■ What to do
Work through the data below and copy out every line where "Black" is found.

■ Stored dataset items
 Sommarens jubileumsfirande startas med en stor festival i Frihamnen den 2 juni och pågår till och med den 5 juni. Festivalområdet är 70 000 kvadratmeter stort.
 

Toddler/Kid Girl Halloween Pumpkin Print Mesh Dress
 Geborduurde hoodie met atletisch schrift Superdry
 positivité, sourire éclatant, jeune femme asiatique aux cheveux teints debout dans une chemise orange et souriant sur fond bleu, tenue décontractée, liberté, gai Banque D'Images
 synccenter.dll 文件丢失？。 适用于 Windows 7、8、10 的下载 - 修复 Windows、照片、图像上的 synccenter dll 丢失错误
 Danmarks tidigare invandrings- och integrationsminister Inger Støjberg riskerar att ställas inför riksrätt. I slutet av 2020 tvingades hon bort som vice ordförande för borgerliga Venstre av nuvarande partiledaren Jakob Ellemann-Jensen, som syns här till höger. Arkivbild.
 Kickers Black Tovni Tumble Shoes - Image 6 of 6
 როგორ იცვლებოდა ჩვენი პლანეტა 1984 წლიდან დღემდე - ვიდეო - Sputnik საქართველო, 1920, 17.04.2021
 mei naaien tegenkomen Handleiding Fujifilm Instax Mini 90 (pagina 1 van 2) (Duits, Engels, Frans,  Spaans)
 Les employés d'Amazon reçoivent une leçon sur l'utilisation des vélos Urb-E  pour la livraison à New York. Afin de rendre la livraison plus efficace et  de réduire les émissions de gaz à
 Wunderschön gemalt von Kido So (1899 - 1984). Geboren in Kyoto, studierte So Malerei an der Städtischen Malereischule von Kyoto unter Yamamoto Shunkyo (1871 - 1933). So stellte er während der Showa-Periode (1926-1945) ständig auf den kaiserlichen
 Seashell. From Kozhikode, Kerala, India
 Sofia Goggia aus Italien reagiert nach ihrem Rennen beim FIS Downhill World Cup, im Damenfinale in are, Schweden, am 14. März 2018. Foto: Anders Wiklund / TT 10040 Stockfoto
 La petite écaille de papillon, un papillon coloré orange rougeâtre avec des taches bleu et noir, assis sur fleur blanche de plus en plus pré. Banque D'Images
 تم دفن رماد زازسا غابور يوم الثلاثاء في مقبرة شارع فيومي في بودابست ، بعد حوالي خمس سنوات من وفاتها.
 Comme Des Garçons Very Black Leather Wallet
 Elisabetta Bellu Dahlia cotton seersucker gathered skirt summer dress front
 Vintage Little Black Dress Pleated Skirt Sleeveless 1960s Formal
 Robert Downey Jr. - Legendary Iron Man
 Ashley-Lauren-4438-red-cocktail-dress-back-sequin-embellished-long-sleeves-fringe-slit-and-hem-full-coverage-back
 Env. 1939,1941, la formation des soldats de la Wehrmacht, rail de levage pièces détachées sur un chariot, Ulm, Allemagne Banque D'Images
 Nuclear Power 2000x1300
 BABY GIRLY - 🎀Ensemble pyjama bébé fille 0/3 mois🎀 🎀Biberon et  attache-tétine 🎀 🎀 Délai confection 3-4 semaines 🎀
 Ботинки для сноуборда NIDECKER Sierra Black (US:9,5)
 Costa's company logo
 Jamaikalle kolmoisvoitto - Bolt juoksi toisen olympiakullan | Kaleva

■ Solution for this exercise
 Kickers Black Tovni Tumble Shoes - Image 6 of 6
 Comme Des Garçons Very Black Leather Wallet
 Vintage Little Black Dress Pleated Skirt Sleeveless 1960s Formal
 Ботинки для сноуборда NIDECKER Sierra Black (US:9,5)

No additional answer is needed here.